Invariant tensors and the cyclic sieving phenomenon

TL;DR

This paper constructs numerous examples of the cyclic sieving phenomenon using the representation theory of semi-simple Lie algebras, linking crystal bases, promotion operators, and symmetric group actions.

Contribution

It introduces a general framework for realizing the cyclic sieving phenomenon via invariant tensors and crystal bases in Lie algebra representations.

Findings

Constructed cyclic sieving triples from crystal bases and promotion operators.

Connected cyclic sieving to invariant tensors in semi-simple Lie algebra representations.
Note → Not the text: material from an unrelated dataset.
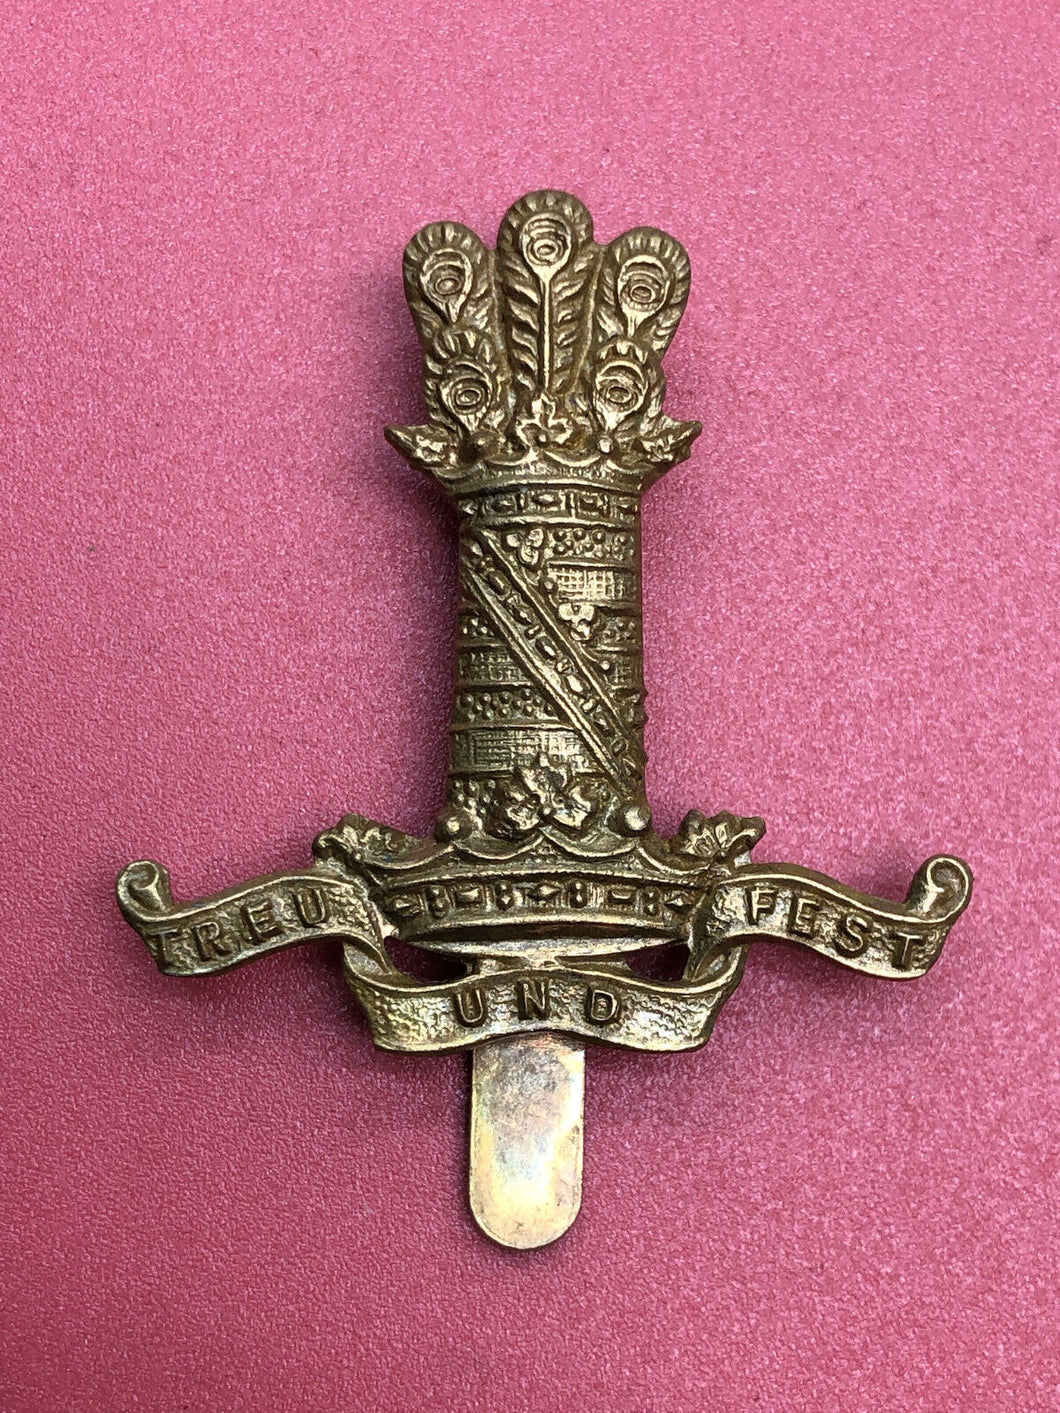 Original WW2 British Army Cap Badge - 11th Hussars Regiment
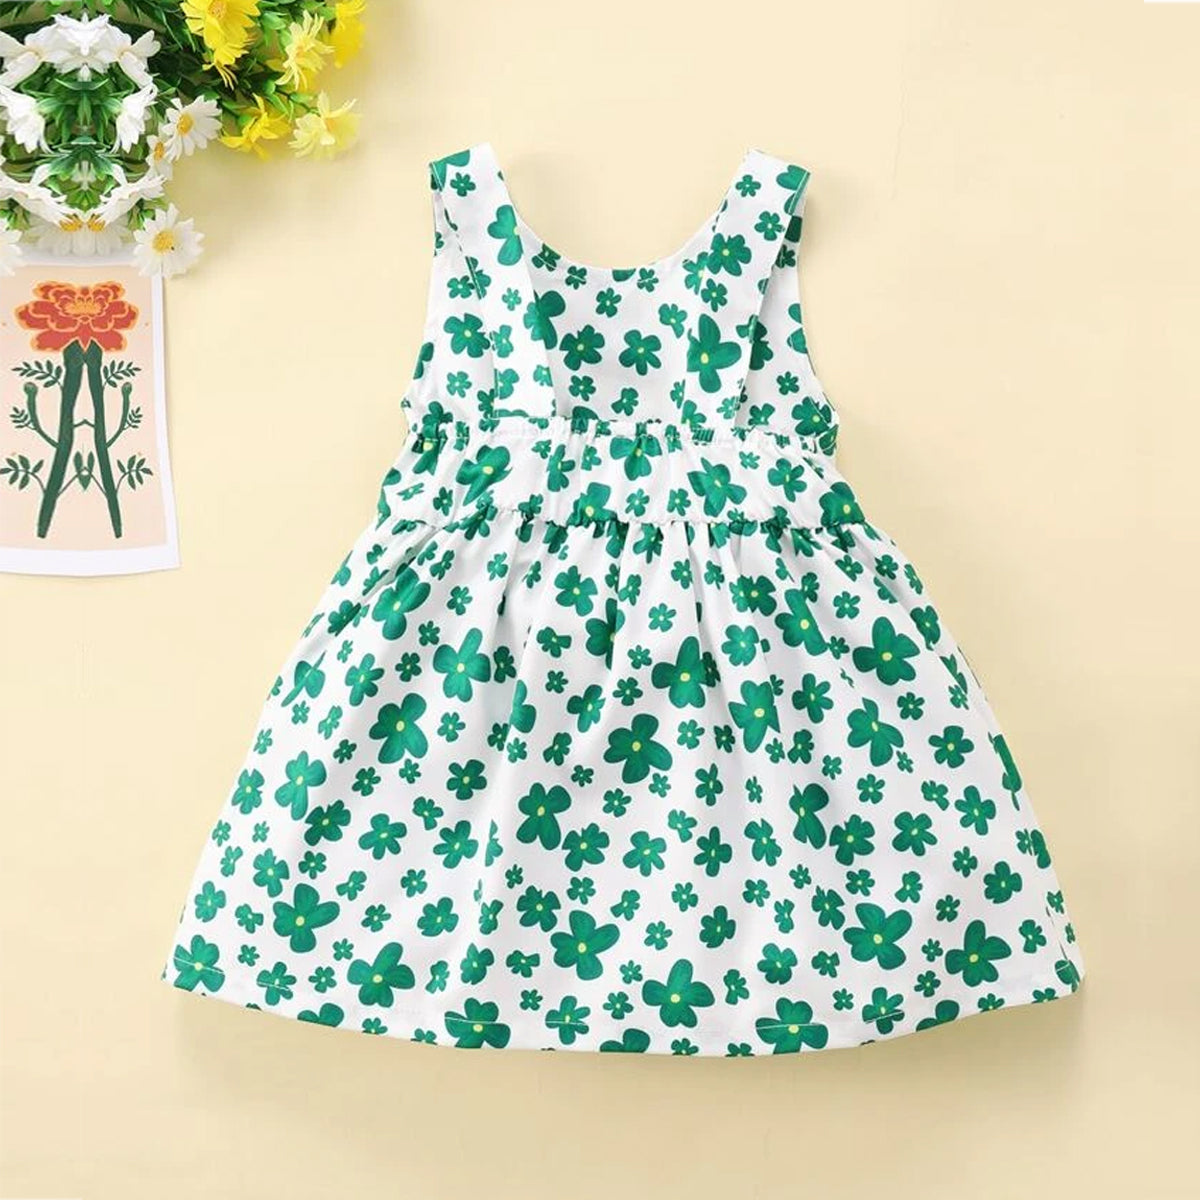 BabyGirl's Cotton Green Floral Frocks & Dresses for Kids.

Applied framework to rectangular tableaux using the defining representation of SL(n).

Abstract

We construct a large class of examples of the cyclic sieving phenomenon by expoiting the representation theory of semi-simple Lie algebras. Let $M$ be a finite dimensional representation of a semi-simple Lie algebra and let $B$ be the associated Kashiwara crystal. For $r\ge 0$, the triple $(X,c,P)$ which exhibits the cyclic sieving phenomenon is constructed as follows: the set $X$ is the set of isolated vertices in the crystal $\otimes^rB$; the map $c\colon X\rightarrow X$ is a generalisation of promotion acting on standard tableaux of rectangular shape and the polynomial $P$ is the fake degree of the Frobenius character of a representation of $\mathfrak{S}_r$ related to the natural action of $\mathfrak{S}_r$ on the subspace of invariant tensors in $\otimes^rM$. Taking $M$ to be the defining representation of $\mathrm{SL}(n)$ gives the cyclic sieving phenomenon for rectangular tableaux.